Yes, that's why here changed to unordered_set, and as you mentioned, foo and bar is indirect call

hoy added inline comments.Aug 5 2021, 3:28 PM
llvm/tools/llvm-profgen/ProfileGenerator.cpp
524–525

I was wondering for clang pass1 build, how was the indirect call promoted. We don't use profile for pass1 thus ICP should not be triggered?

hoy added inline comments.Aug 5 2021, 4:20 PM
llvm/tools/llvm-profgen/ProfileGenerator.cpp
524–525

I guess two probes with inline contexts can be merged, and the merged inline context is trimmed to empty of a common part of the inputs. Anyway, that's unrelated to this patch. Using an unordered_set sounds good to me.

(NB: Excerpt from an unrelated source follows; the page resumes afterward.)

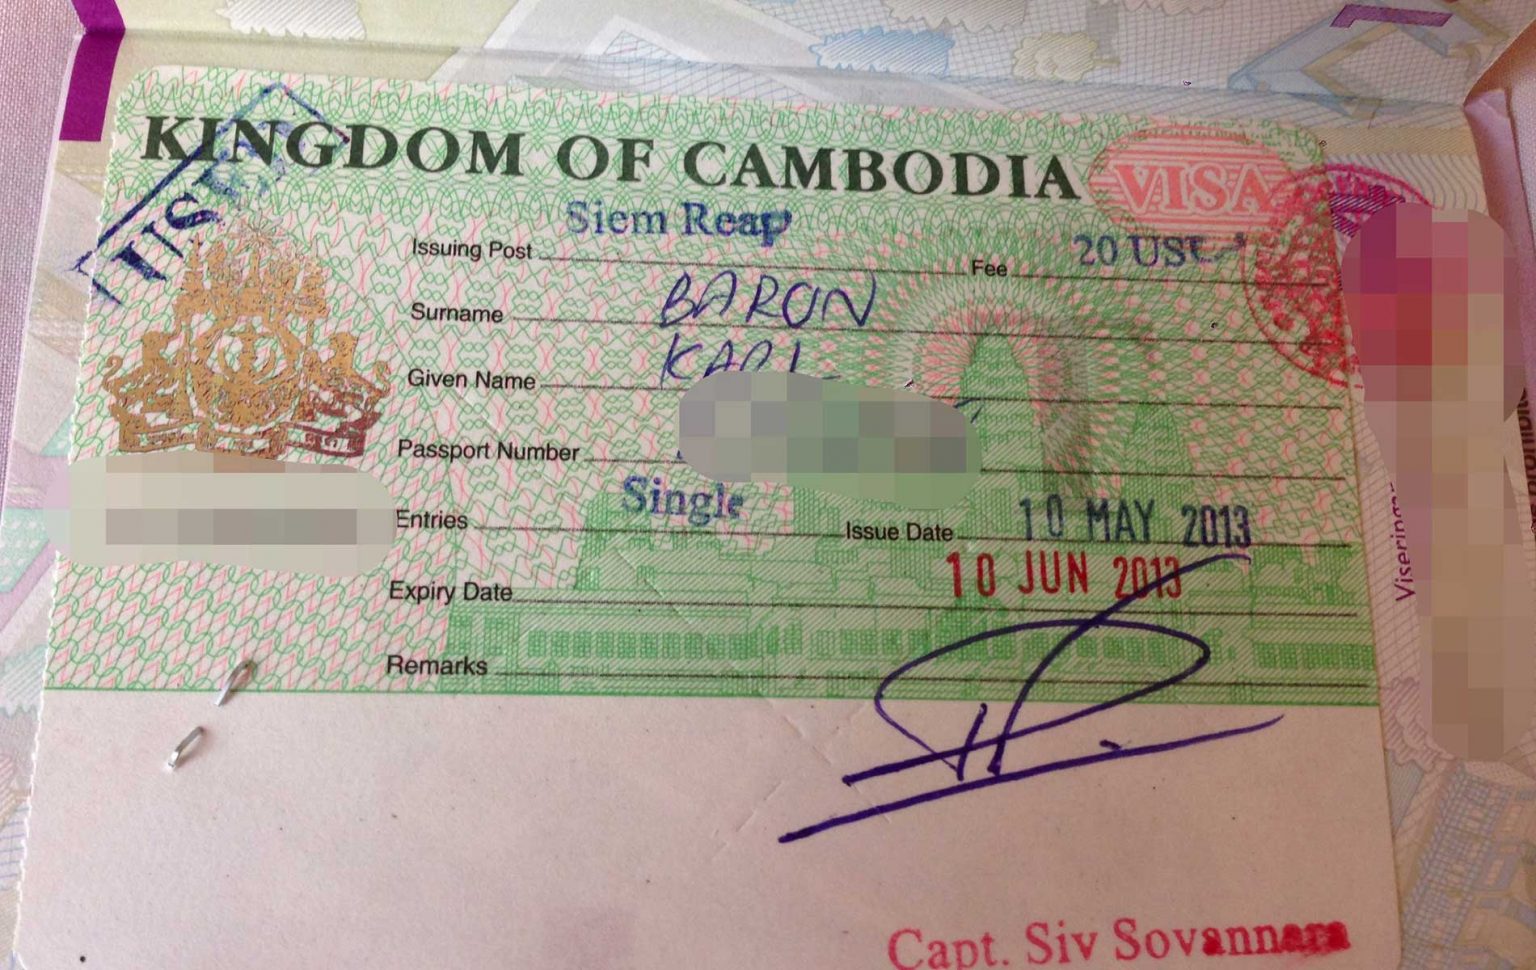 cambodia tourist visa fee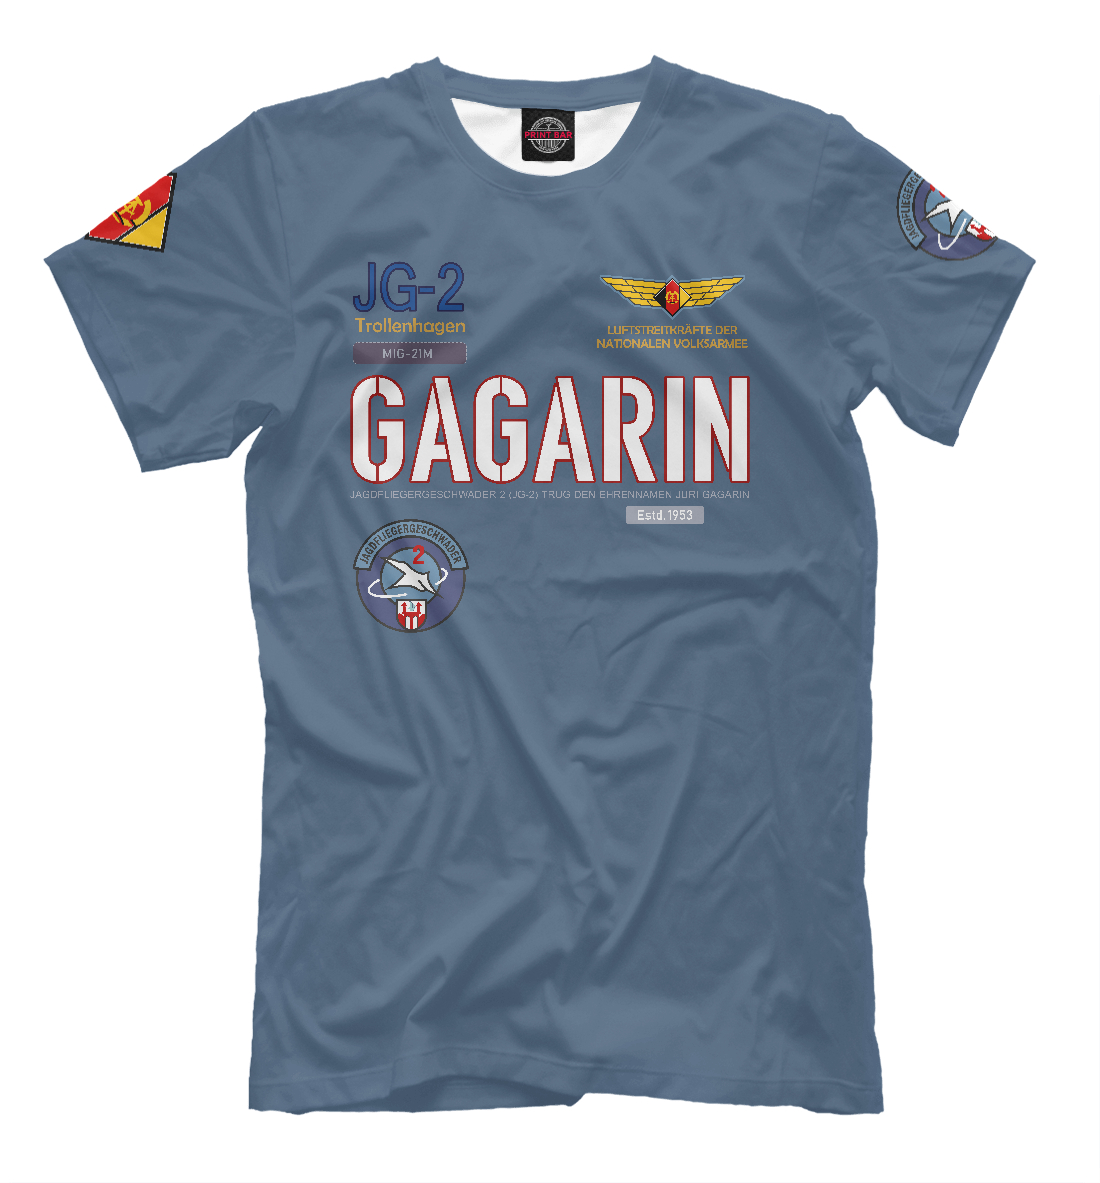 Футболка ВВС ГДР Эскадрилья Гагарин для мужчин, артикул: VVS-481647-fut-2mp

wlei added inline comments.Aug 5 2021, 4:27 PM
llvm/tools/llvm-profgen/ProfileGenerator.cpp
524–525

Thanks for the discussion! That's interesting question, I'm trying to find something in the clang asm, but it's too large to debug. I will land this first and later try to run on SPEC to see if something easy to catch.

wlei edited the summary of this revision. (Show Details)Aug 5 2021, 4:31 PM
This revision was automatically updated to reflect the committed changes.